The trade body argues that an “evolution” of the CfD system is needed to incentivise long-term capital investment in major projects, build up supply chains and ensure that consumers are provided with clean energy at low and stable prices.
Specific proposals in the document are for the government to consider new offshore wind enterprise zones where businesses can qualify for tax relief – this would be similar to the system currently operating in the US.
It also for government and industry to streamline the process for developing new offshore wind sites, bringing together skills, experience and capacity which is currently spread across a wide range of disparate bodies. This should result, it said in a centralised regulatory authority for consenting and licensing new energy projects.

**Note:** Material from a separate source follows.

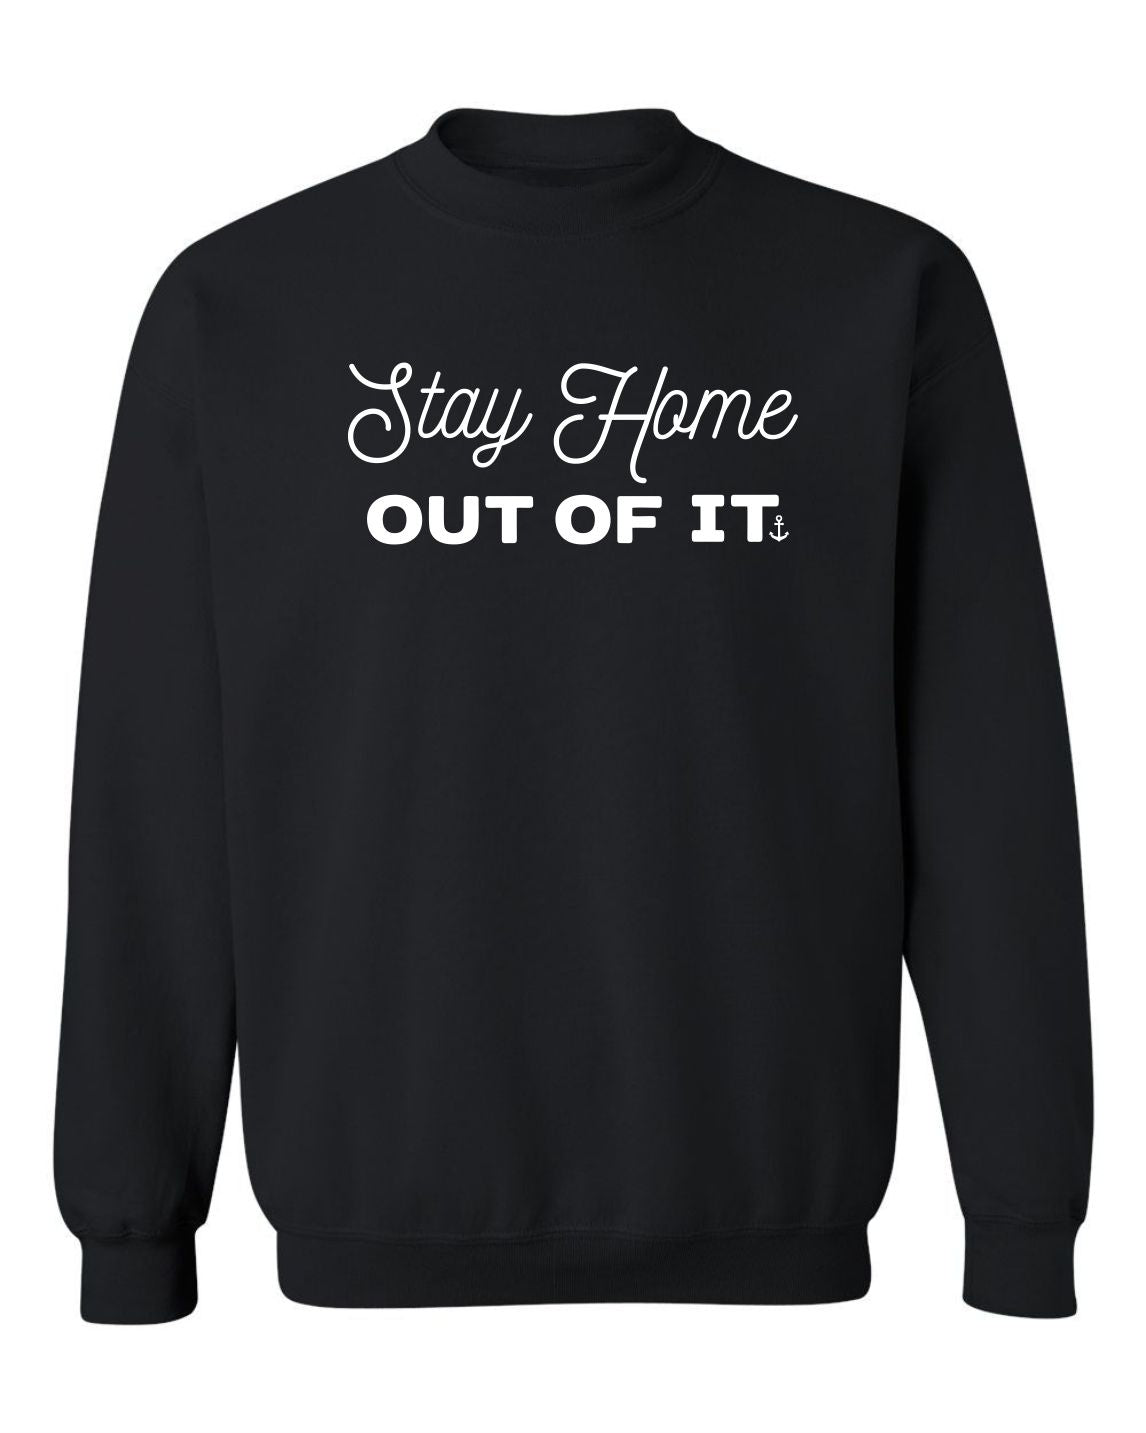 "Stay Home Out Of It" Unisex Crewneck Sweatshirt

A key plank of the manifesto is a call for a fundamental redesign of the power network infrastructure is planned and delivered – what is built and where to connect offshore windfarms to the grid and so mimimise the impact on local communities.
RenewablesUK recommends using the current Offshore Transmission Network Review to establish a long-term solution for planning grid infrastructure.
This proposal will be very much welcomed in the East of England where the development of network infrastructure to bring offshore-generated power into the grid is becomingly an increasingly fraught issue.
Two weeks Babergh and Mid Suffolk District Councils called for an urgent government review of the number and scale of energy infrastructure projects which they said could be “potentially devastating” for local communities.
The leaders of both councils wrote to the Department for Business, Energy & Industrial Strategy calling for a wider review to include developments such as solar farms and battery storage projects, for which the councils are seeing increasing numbers of applications.
The councils have objected to plans for the East Anglia GREEN project which would see overhead lines between Norwich, Bramford and Tilbury.
Mid Suffolk Council leader Suzie Morley said at the time: “We fully recognise the importance of the government’s net zero agenda and the need for ongoing energy security for our communities, but we have serious concerns at the seeming lack of strategic coordination of the delivery of energy generation, transmission, and distribution development proposals across the region.”
RenewableUK chief executive Dan McGrail said: “The gas crisis and invasion of Ukraine have pushed up the cost of fossil fuels - and consumer bills - to record highs. We need to decarbonise at pace to build a home-grown clean power sector as the cornerstone of the Government’s Energy Security Strategy.
“Meeting the target of decarbonising our power system completely by 2035 is our biggest challenge yet, but the industry stands ready to deliver and the recommendations in our manifesto set out exactly how this can be achieved.”